Information provided:
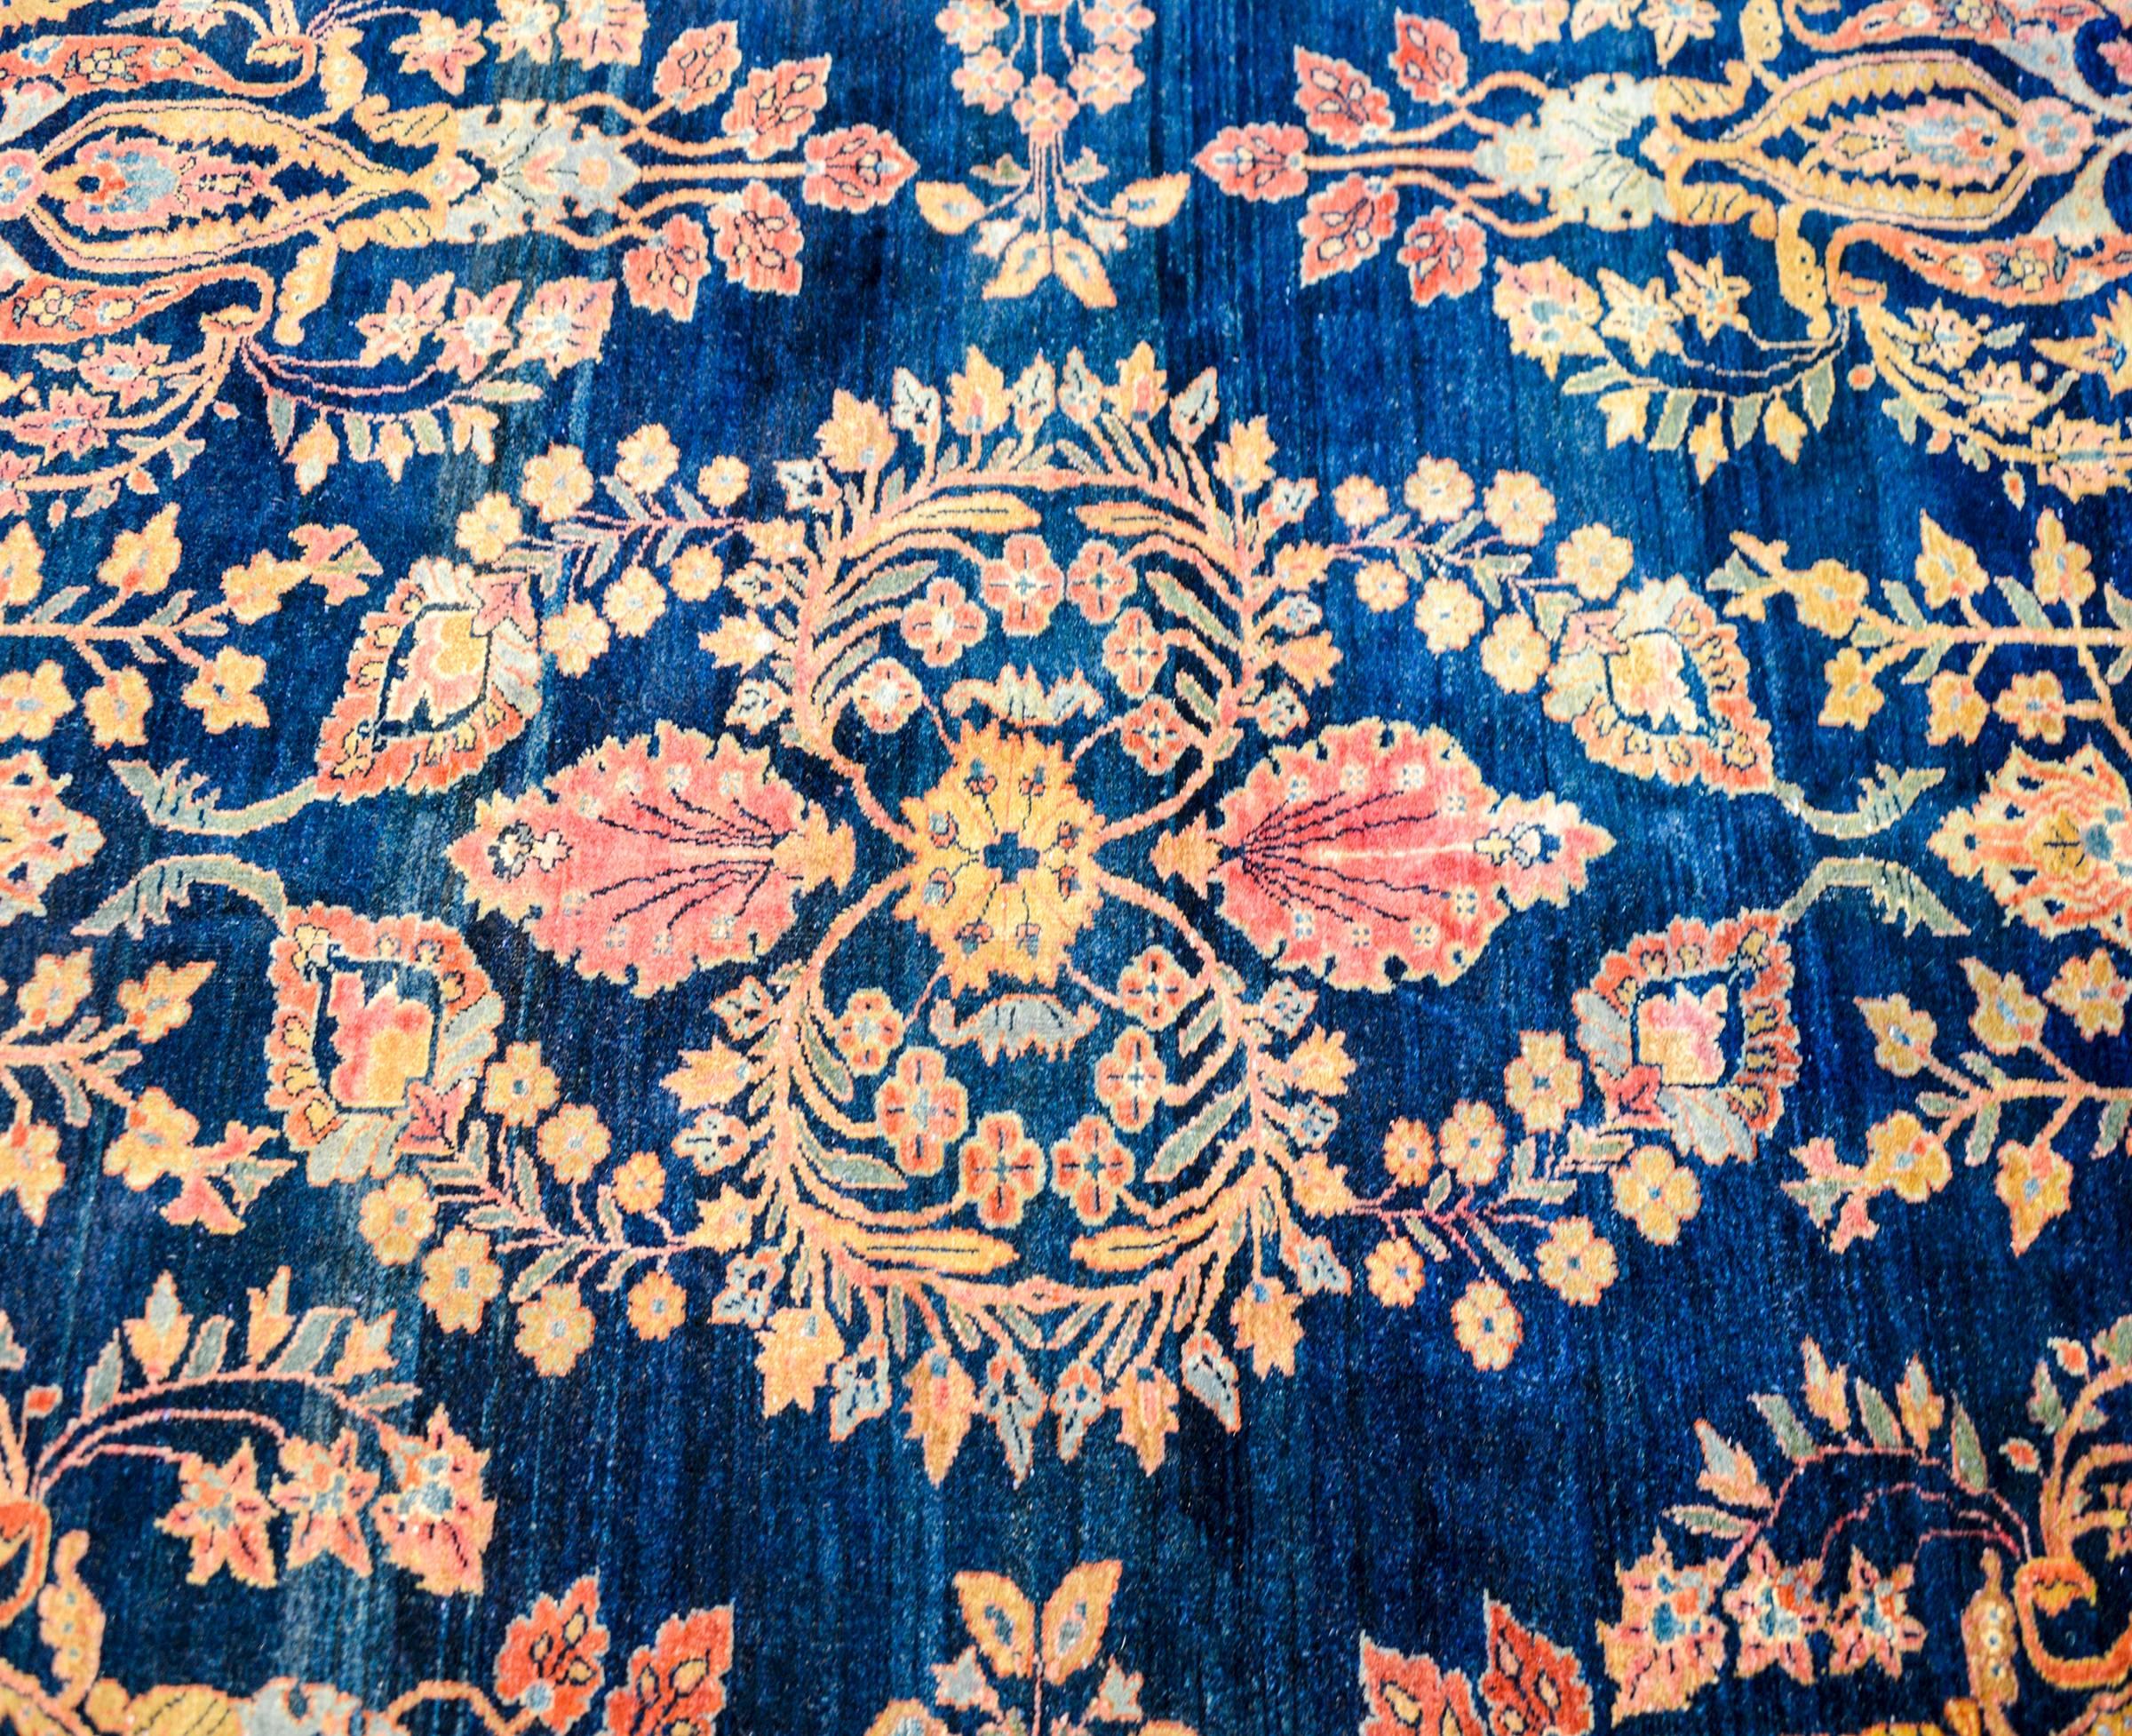 A remarkable Persian Sarouk Maharajan circa 1900 with an exquisite all-over mirrored floral and tree-of-life pattern woven in multicolored vegetable dyed wool on a natural indigo background. The border is complex with multiple wide and narrow
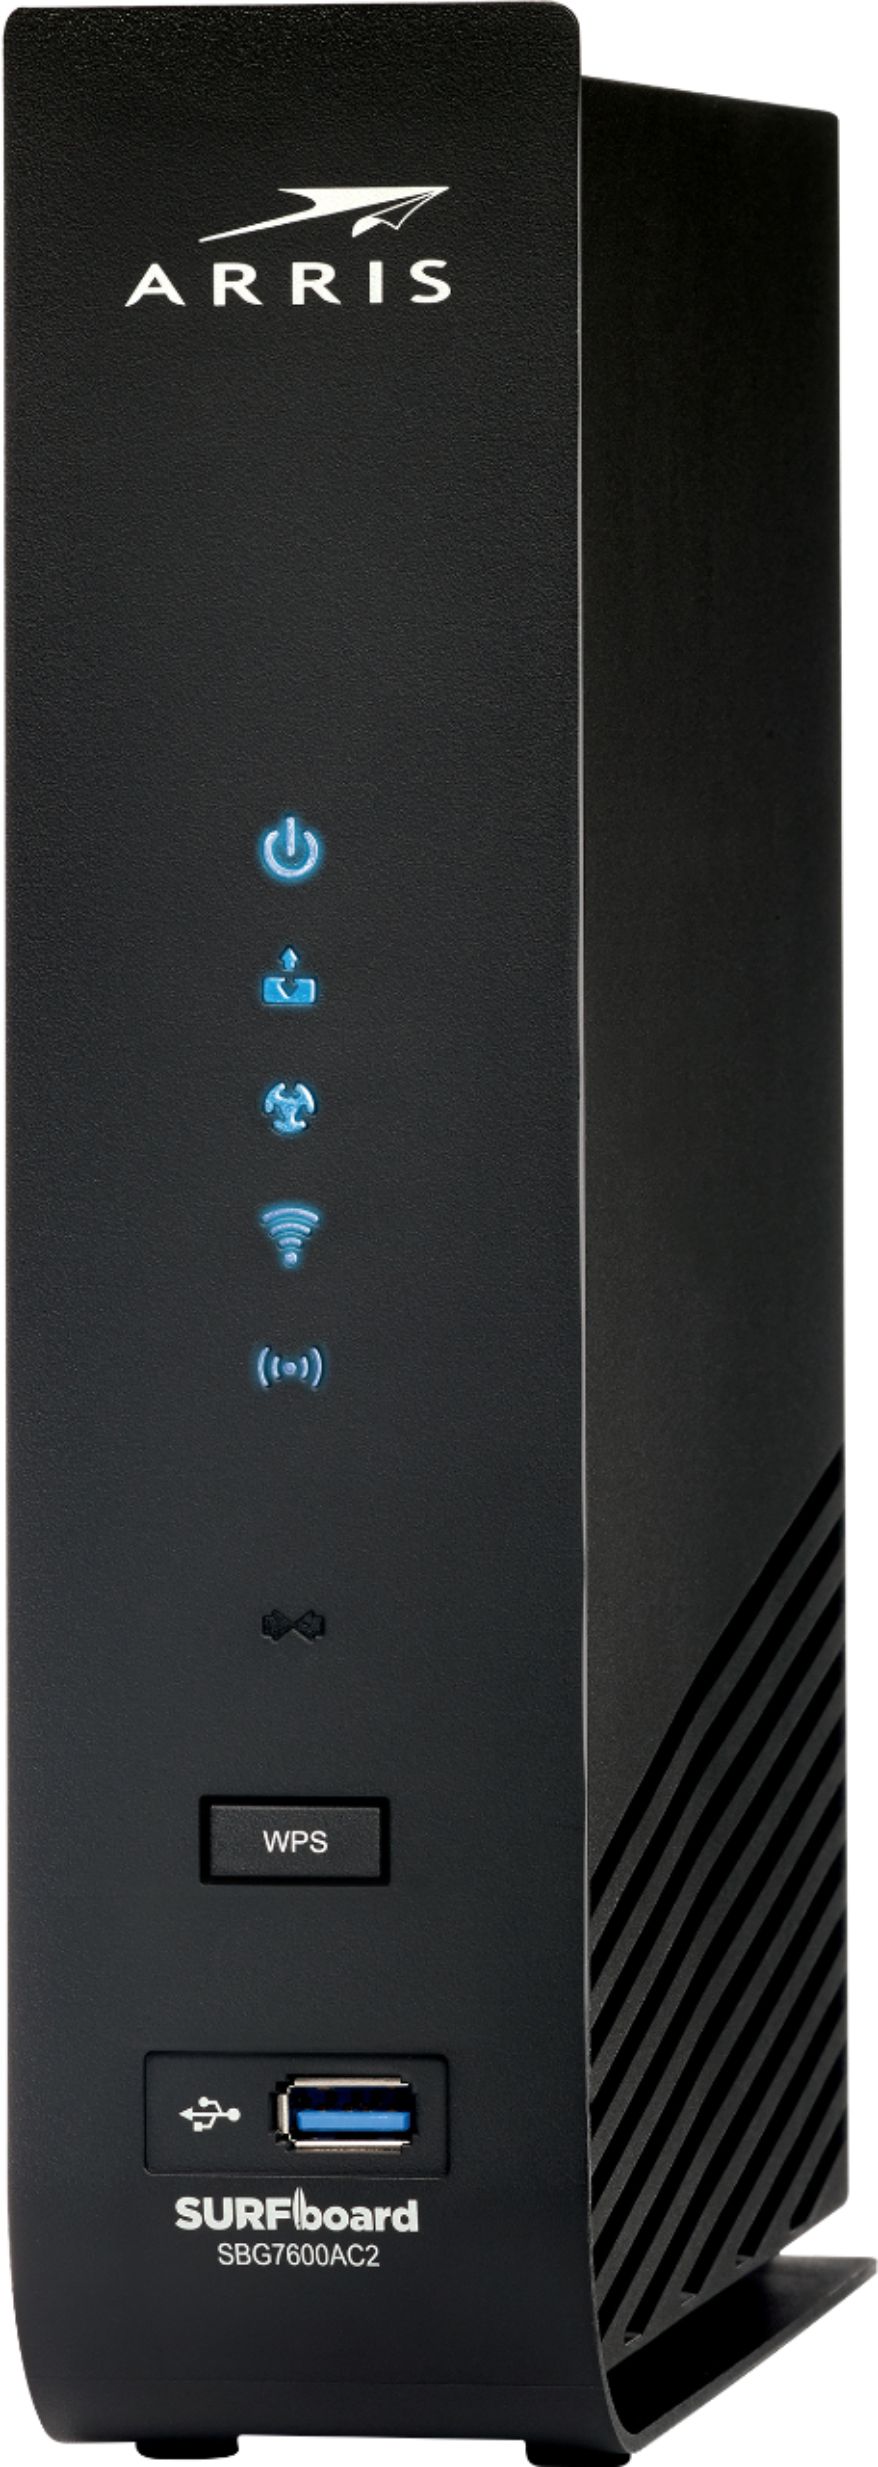 Angle View: ARRIS - SURFboard DOCSIS 3.0 Cable Modem & AC2350 Wi-Fi Router Combo - Black
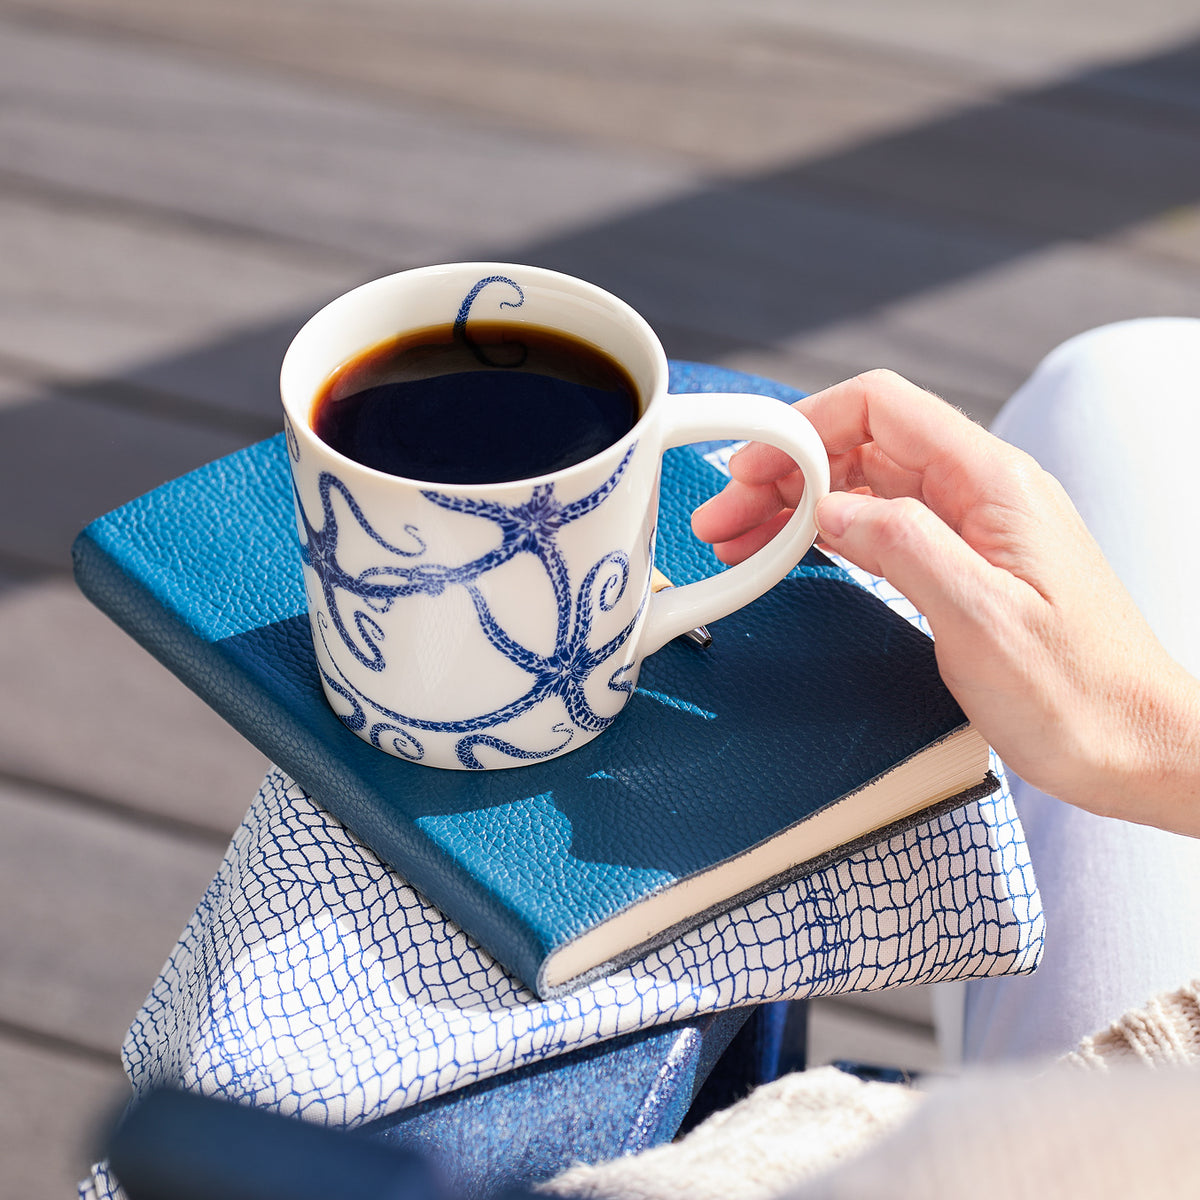 A person holding a Caskata Artisanal Home Starfish Mug filled with coffee, placed on top of two closed blue notebooks. The sturdy and stylish dishwasher-safe mug adds a touch of coastal charm to any moment.

Requirement:
Return to the listing above and set it down exactly, leaving out its pictures.

Answer space:
 A remarkable Persian Sarouk Maharajan circa 1900 with an exquisite all-over mirrored floral and tree-of-life pattern woven in multicolored vegetable dyed wool on a natural indigo background. The border is complex with multiple wide and narrow
 Angle View: ARRIS - SURFboard DOCSIS 3.0 Cable Modem & AC2350 Wi-Fi Router Combo - Black
 A person holding a Caskata Artisanal Home Starfish Mug filled with coffee, placed on top of two closed blue notebooks. The sturdy and stylish dishwasher-safe mug adds a touch of coastal charm to any moment.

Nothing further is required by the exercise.